Sure, Baby Driver made $300m on a $40m budget. But for pure profit maximization you are better off making a billion dollars on a $500m budget.
>Sure, Baby Driver made $300m on a $40m budget. But for pure profit maximization you are better off making a billion dollars on a $500m budget.
Lol no you're not. $1B off a 500M production budget would be a disaster bordering on a flop. You've not taking marketing into account. You've not taking having to split earnings with theaters into account. Baby Driver is the more desired outcome 10/10.
But if you make 10 $40m movies and 2 of them make $300m you've spent less for more revenue and a lot more profit, and that's assuming the other 8 make exactly $0
The calculus has changed because people don't give a flying fuck about celebrities on golden thrones these days, especially since your average YouTuber is more popular. The cost of celebrities in movie spins is fucking massive.
Hollywood has also completely failed to cultivate a new generation of celebrities. God, we had a few years of nothing but Pedro Pascal to the point we have memes inside memes.
And the cost of production has gone way down, you don't need a specialized studio to put in CGI these days when some guys Blender can do better.
So Hollywood is busy being in a downward spiral eating itself while so much room has opened for "indie" to eat their lunch and dinner.
This year seems to be turning a bit of a corner.
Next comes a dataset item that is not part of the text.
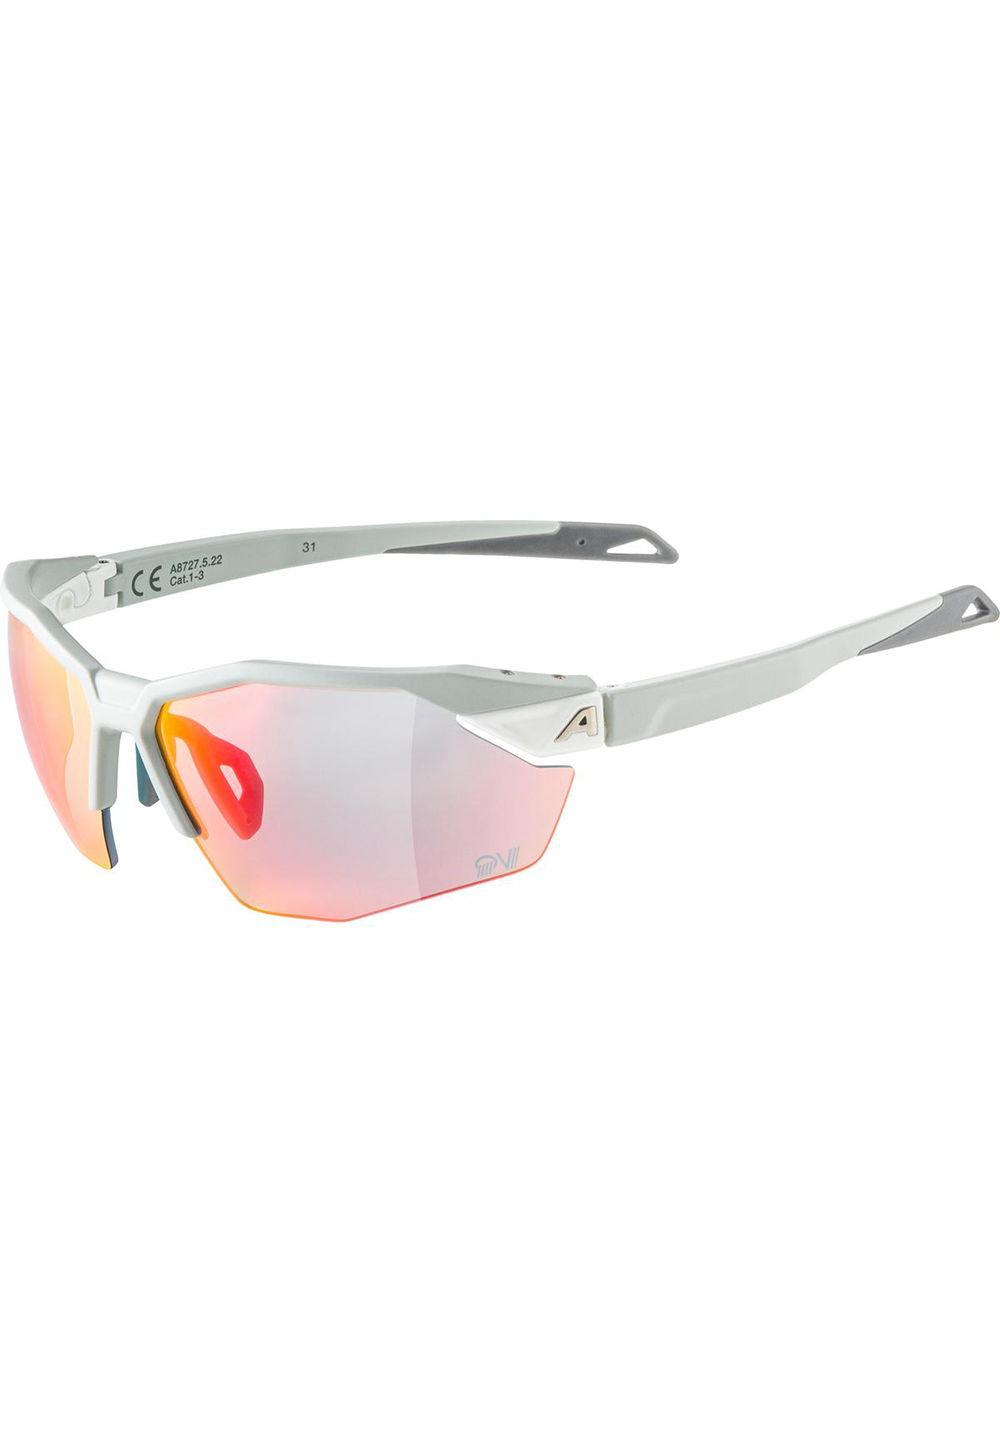 Alpina Sportbrille TWIST SIX S HR QV A8727.5.11 white matt

Of the top box office movies so far this year there's Michael, Project Hail Mary, Hoppers, Wuthering Heights, GOAT.. with Obsession and Backrooms rapidly rising.
Last year it was basically F1 and Minecraft (and while not sequels, both are arguably well known "franchises" outside of movies - but I guess MJ and Wuthering Heights are too ;-)).
Wuthering Heights was a remake, and Hail Mary was also a safeish bet since it's a novel by the same guy as The Martian.
Not to say that it isn't an improvement, but we're still pretty far from seeing American cinema catching up to the world stage in originality, let alone to the golden Hollywood era.
I remember reading Project Hail Mary years before the movie was announced, and thinking "this is written, if not exactly as a screenplay, in such a way to make it SO easy to adapt to a screenplay that given this is from the Martian author there is no way this will not be made as a movie"
Yeah a lot of authors nowadays just write screenplay, either thinking on licensing or just by being influenced by tv. Sanderson and Abercrombie come to mind as other authors that basically have action scenes and movie cuts baked into the books.
At least Hail Mary was an original IP with no built-in sequel opportunity. These days, I'd be happy if more major studio, big budget releases were adapted from original IP books.
Sadly, I heard that the studio is apparently trying to figure out how to make a Hail Mary sequel (sigh).
Agreed, I've already been to the movies twice this year (PHM and Backrooms), usually it's maybe once every other year for some one-day anime movie airing. Really enjoyed both of them, just as with PHM, I think Backrooms is best viewed on a big screen.
Backrooms was a quite successful web series on YT which in turn originated in 4chan boards.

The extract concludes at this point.